Alternatively you can make it work by using tfd.Sample
:
gaussian_walk2 = tfd.MarkovChain(
initial_state_prior=tfp.distributions.Deterministic(0.),
transition_fn=lambda _, x: tfd.TransformedDistribution(
distribution=tfd.Sample(tfd.Normal(loc=0.0, scale=1.), x.shape),
bijector=tfp.bijectors.Shift(x)),
num_steps=10)
@junpenglao Thanks for the idea. The sample method works as expected, but the log_prob does not seem to work. Did i miss anything?
gaussian_walk2 = tfd.MarkovChain( initial_state_prior=tfp.distributions.Deterministic(0.), transitionfn=lambda , x: tfd.TransformedDistribution( distribution=tfd.Sample(tfd.Normal(loc=0.0, scale=1.), x.shape), bijector=tfp.bijectors.Shift(x)), num_steps=10)
print(gaussian_walk2.sample(3)) tf.Tensor( [[ 0. 0.6361662 0.7333202 -0.49361163 -0.2956681 1.3065095 1.2681572 0.5679376 -0.29533887 -0.05293749] [ 0. 0.85948235 -1.1862569 -0.85393983 -0.99621975 -2.624208 -0.59781265 -0.0199101 -1.1001246 -1.0604566 ] [ 0. 0.93100184 0.31189167 0.9530297 -0.5100331 -0.7756746 -2.2172916 -1.8662072 -3.9851084 -2.3052304 ]], shape=(3, 10), dtype=float32)
print(gaussian_walk2.log_prob(gaussian_walk2.sample(3)))
error:
InvalidArgumentError Traceback (most recent call last)

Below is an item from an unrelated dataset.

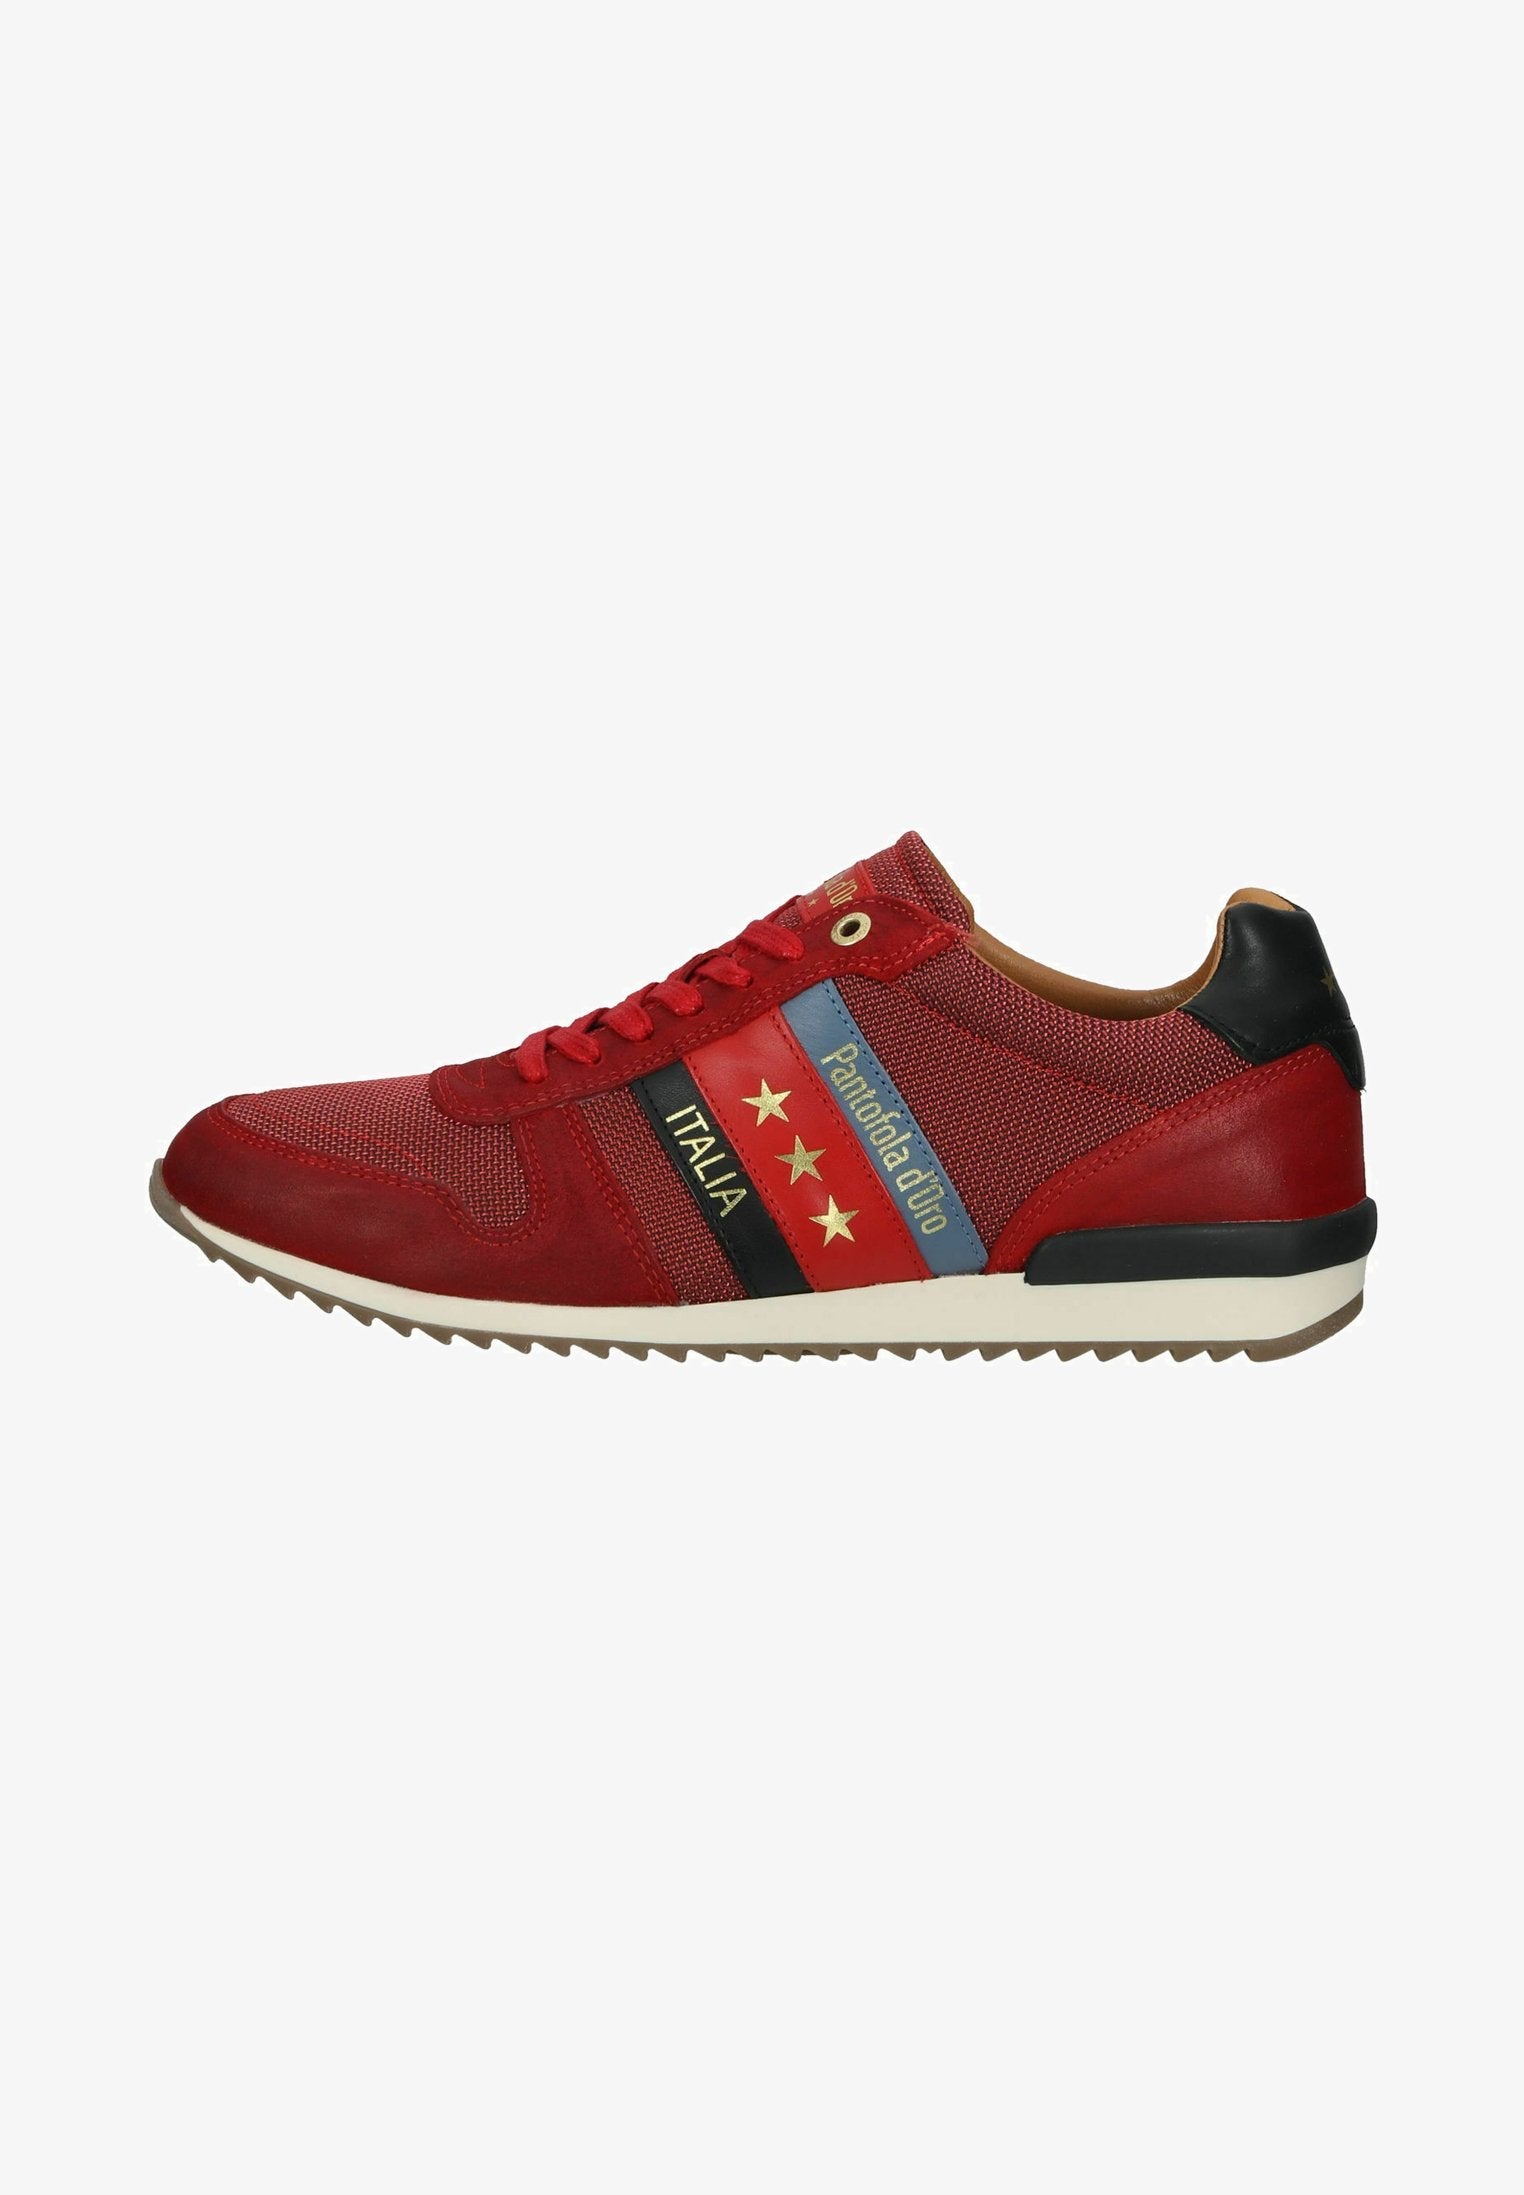 Rizza N Low in Racing Red Sneakers Pantofola d'Oro

I think @junpenglao is correct about the issue with sampling: currently TransformedDistribution expects that the base distribution's batch shape is at least as large as the bijector's 'batch shape' (recently annotated as bijector.experimental_batch_shape
). Otherwise, the base distribution will sample fewer degrees of freedom than needed for the final result.
Using tfd.Sample
to add a dimension is almost correct, but it will incorrectly reduce over the log_prob
because Sample
adds event shape, not batch shape (ie, it defines a distribution over a vector of independent samples, rather than a batch of distributions over scalar samples). To construct a Normal distribution with batch shape, you can either pass a batch of parameters, or wrap with tfd.BatchBroadcast
:
gaussian_walk2 = tfd.MarkovChain(
initial_state_prior=tfp.distributions.Deterministic(0.),
transition_fn=lambda _, x: tfd.TransformedDistribution(
# Create a distribution with `distribution.batch_shape == x.shape`.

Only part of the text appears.